You are probably looking for the `freebsd-version` command?

Regards,
Guillaume


----------



## junovitch@ (Dec 27, 2014)

The referenced bug does not apply.  None of the updates to 10.1 have updated kernel hence the kernel version displayed by `uname` does not change.  Hence the reason the `freebsd-version` mentioned by gkbsd above was introduced.


----------



## marosh (Dec 28, 2014)

junovitch said:


> The referenced bug does not apply.  None of the updates to 10.1 have updated kernel hence the kernel version displayed by `uname` does not change.  Hence the reason the `freebsd-version` mentioned by gkbsd above was introduced.


OK, I understand now.

1. Is it possible to update to specific patch level without compiling sources?
For example there's latest patch level number 5 and I want to upgrade to p2.

2. I cannot find version number in security advisories.
For example there's SA for ntp. I'd like to make sure that my ntp was updated properly, so I'd invoke `ntp --version` (or something like that) and compare output with version number published somewhere on FreeBSD page.

3. Where can I find content of a patch level on FreeBSD page?
By content I mean list of files which would be updated.


----------



## Beastie (Dec 28, 2014)

marosh said:


> 1. Is it possible to update to specific patch level without compiling sources?
> For example there's latest patch level number 5 and I want to upgrade to p2.


freebsd-update(8) will always give you the latest patch level. I don't think you can upgrade to an older patch level. And I don't see why you'd want to anyway. Those patches are _security fixes_ and you don't want to be lagging when it comes to security, do you?



marosh said:


> Where can I find content of a patch level on FreeBSD page?


When freebsd-update(8) fetches the updates, it will show you a list of all the files that will be modified in both kernel and world.


----------



## junovitch@ (Dec 28, 2014)

marosh said:


> OK, I understand now.
> 1. Is it possible to update to specific patch level without compiling sources?
> For example there's latest patch level number 5 and I want to upgrade to p2.

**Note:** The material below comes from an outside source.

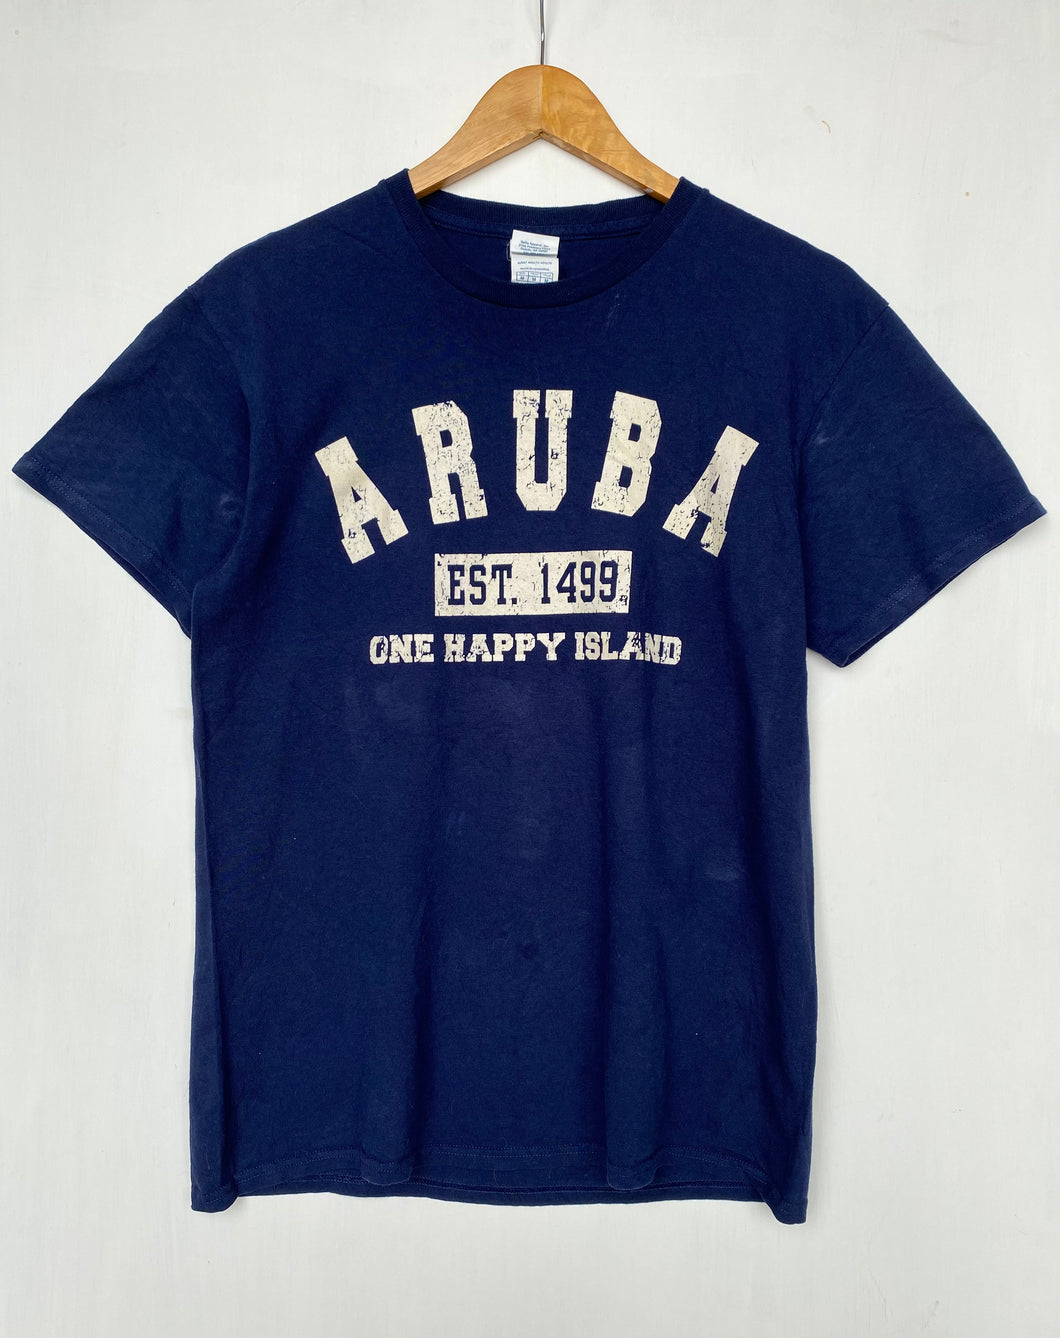 Printed ‘Aruba’ t-shirt (M)

By default you get the most recent.  Only the bare minimum changes in security advisories so it makes sense that they can just be applied.



marosh said:


> 2. I cannot find version number in security advisories.
> For example there's SA for ntp. I'd like to make sure that my ntp was updated properly, so I'd invoke `ntp --version` (or something like that) and compare output with version number published somewhere on FreeBSD page.

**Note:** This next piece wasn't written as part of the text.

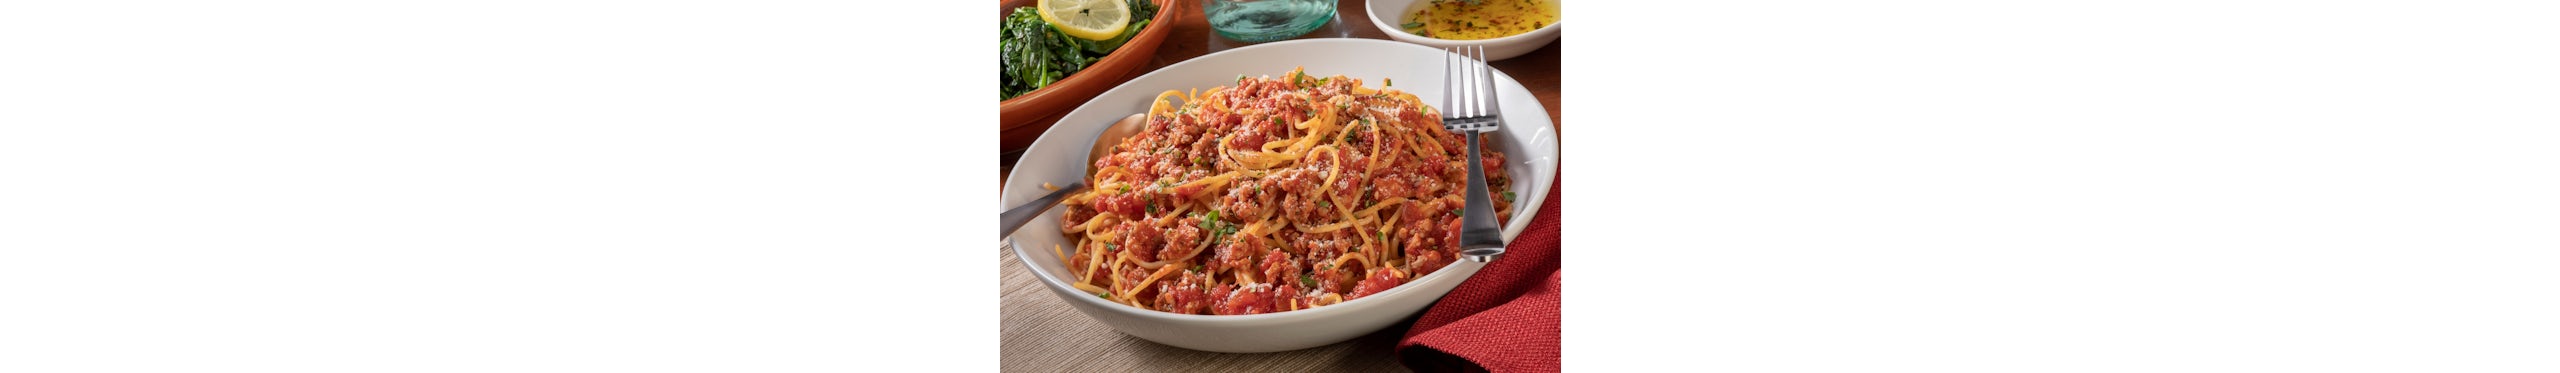 Spaghetti & Meat Sauce

Tailing off the prior answer, changing version numbers is more than the "bare minimum".  Typically changing a version means introducing new upstream features which is not desirable in a RELEASE so you can't rely on version numbers to tell you if the change has been patched.



marosh said:


> 3. Where can I find content of a patch level on FreeBSD page?
> By content I mean list of files which would be updated.



The security advisory is your main source of information, read it and heed it.  At the bottom of each, it describes how to view what files have changed using the online SVNWeb interface.  Give that a try on the recent NTP advisory.
https://www.freebsd.org/security/advisories/FreeBSD-SA-14:31.ntp.asc


----------